Позволил себе улыбку и инспектор Кроу. Впрочем, чем больше он раздумывал над описанием Мадиса и его подручных, тем больше мрачных мыслей собиралось в голове инспектора.
Три британских директора компании Мадиса проходили под именами Уильяма Джейкоби, Бертрама Джейкоби и Альберта Пайка, и все трое соответствовали описаниям тех людей, что проживали некоторое время в Стивентон-Холле. К тому же имя Альберта Пайка звучало весьма похоже на имя Альберта Спира (того самого, который женился в Стивентоне на Бриджет Койл). Такая игра с именами выдавала наглость, свойственную как самому Мориарти, так и его подручным.
Внимание Кроу привлекло и описание самого Мадиса. По данным полицейского департамента Нью-Йорка, это был мужчина сорока с небольшим лет, энергичный, здоровой комплекции, с рыжеватыми волосами и слабыми глазами, требовавшими постоянного ношения очков – в данном случае в золотой оправе.
Само по себе это ничего не значило; инспектор хорошо знал, что Мориарти, по следу которого он шел в Лондоне, мог легко менять внешность и выступать в нескольких обличьях. В частности, Кроу уже доказал – разумеется, методом логической дедукции, – что высокий, сухощавый мужчина, воспринимаемый всеми как знаменитый Мориарти, автор трактата о биноме Ньютона и «Динамики астероида», есть всего лишь маска, которой пользуется человек более молодой, по всей вероятности, младший брат этого самого профессора. Но в кратком описании сэра Джеймса Мадиса имелась характерная деталь, связывавшая его с печально знаменитым «Наполеоном преступного мира». В разделе «Привычки и манеры» словесного портрета говорилось буквально следующее: «Странное и весьма редко встречающееся движение головы из стороны в сторону; привычка, похоже, неконтролируемая и напоминающая нервный тик».
– Уверен, это он, – сказал Кроу Холмсу.
О встрече инспектор попросил сразу же после того, как прочел письмо, и Холмс, верный данному обещанию, тут же ответил согласием и даже, заботясь о том, чтобы им не мешали, устроил для доктора Уотсона некий срочный вызов.
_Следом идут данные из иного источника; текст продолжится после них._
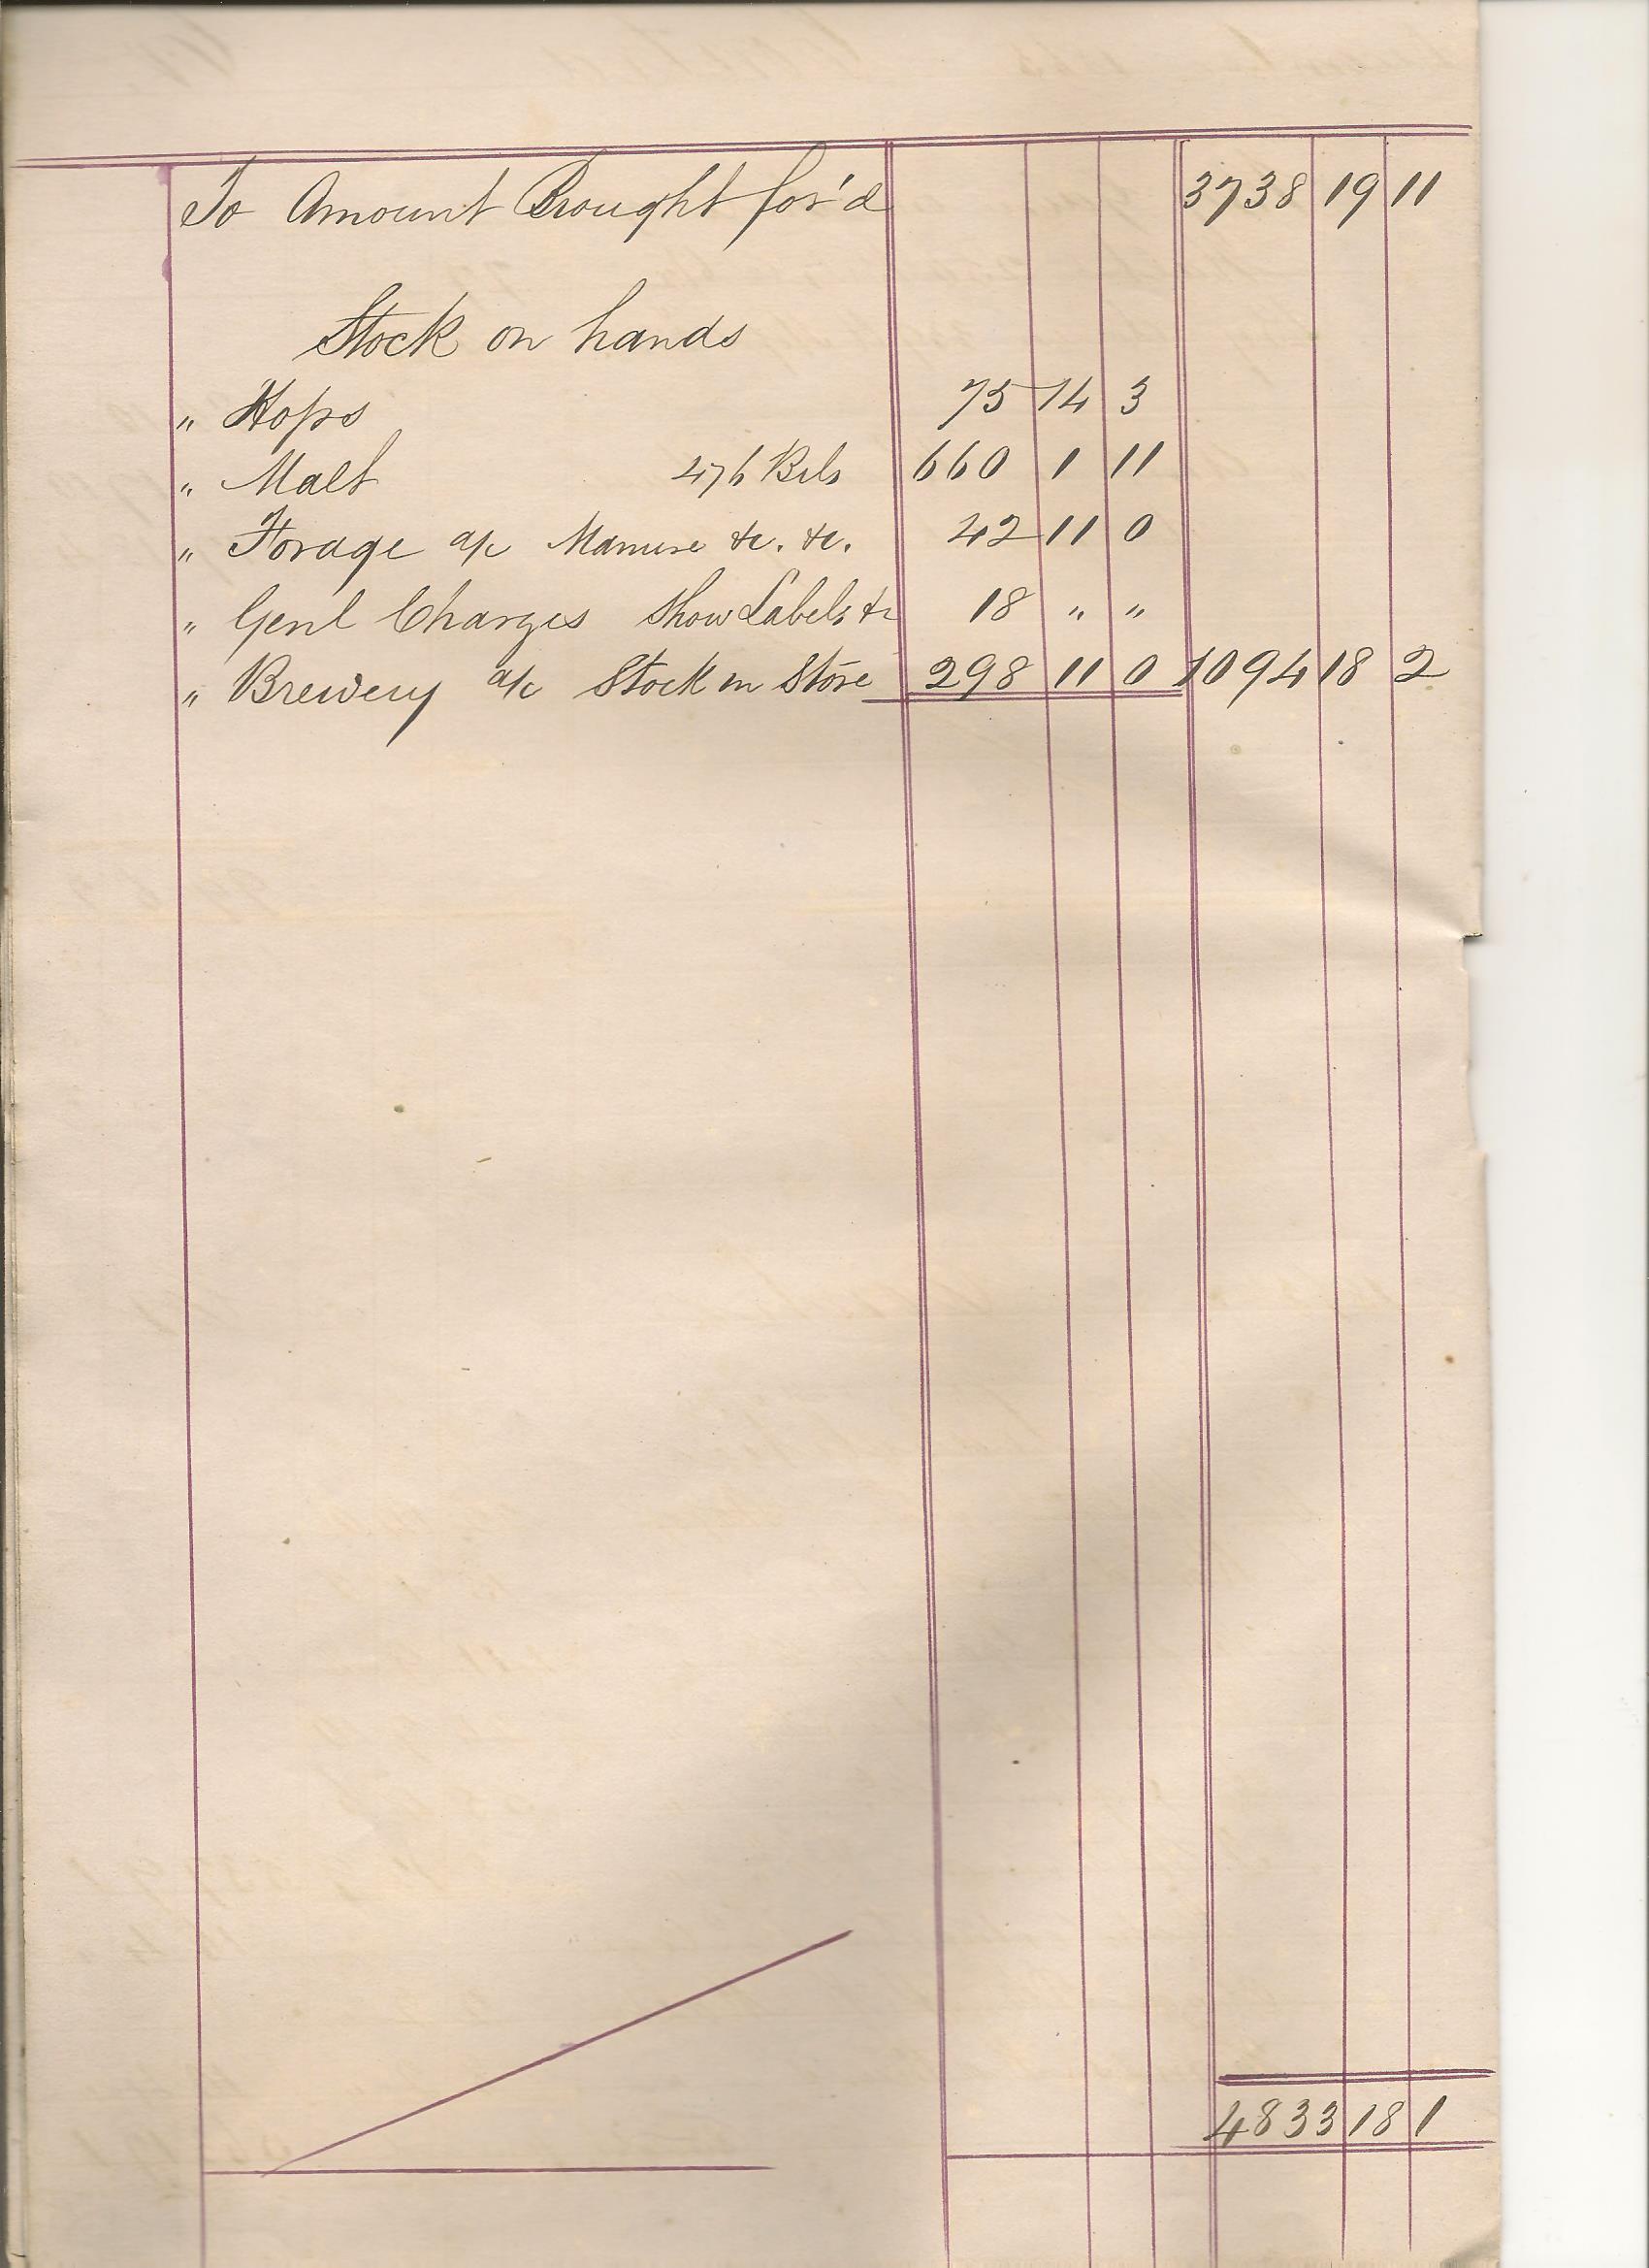 Macardle Moore Half Year Accounts Dec 1863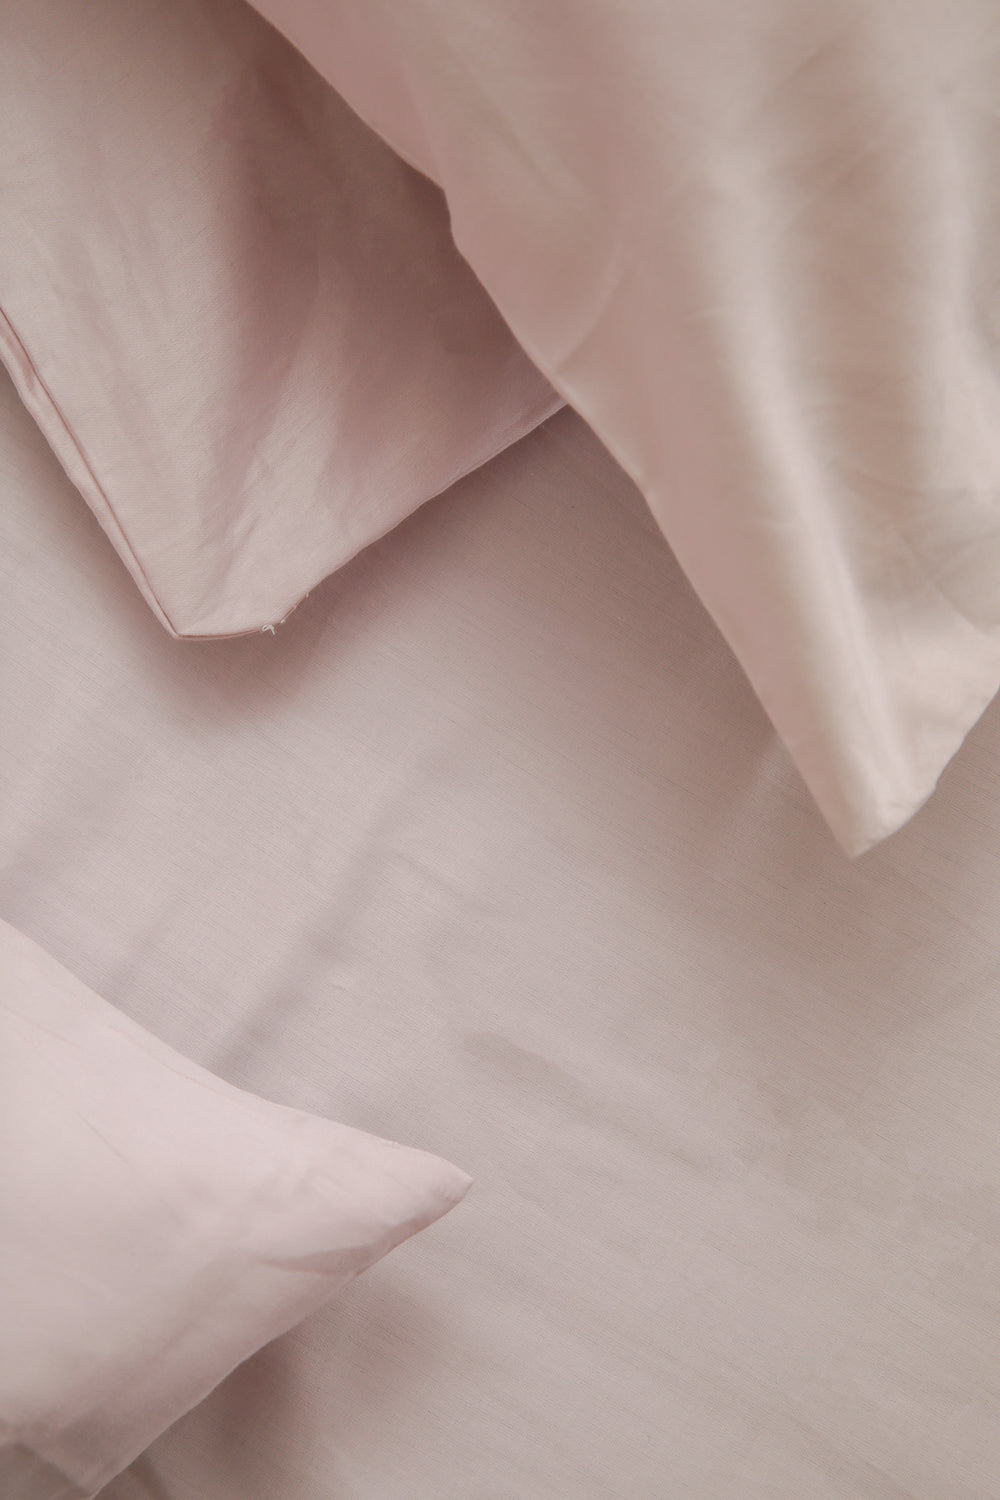 סדין מיטה זוגית 160/200 100% כותנה באריגת סאטן בצבע לילך

Кроу отправился на Бейкер-стрит с некоторым беспокойством. В предшествующие визиты состояние великого детектива произвело на него далеко не самое лучшее впечатление. Холмс выглядел изрядно похудевшим, раздражительным и болезненно возбужденным. В этот раз, однако, худшие опасения не подтвердились – маэстро дедукции был полон сил и энергии и демонстрировал свойственную ему живость мысли.[5]
– Уверен, это он, – повторил Кроу, хлопая кулаком по ладони. – Я это нутром чую.
– Боюсь, основание для вывода не вполне научное, мой дорогой Кроу, хотя в данном случае я согласен с вами по сути. Даты совпадают, описания тоже. Вы и сами указали на любопытную созвучность имен Альберта Пайка и Альберта Спира. Что касается двух других, то я посоветовал бы вам поискать в полицейских архивах двух братьев плотного телосложения и с фамилией, схожей с Джейкоби. Что же касается самого профессора, то я обратил бы внимание на одну деталь, в которой проявилась самоуверенность дьявольски изобретательного ума. Эта деталь…
– Инициалы?
– Да, да, конечно. – Холмс махнул рукой, словно отметая этот пункт как слишком очевидный. – Но не только…
– Фамилия?
В последовавшую за этим короткую паузу Холмс устремил на гостя внимательный и даже пристальный взгляд.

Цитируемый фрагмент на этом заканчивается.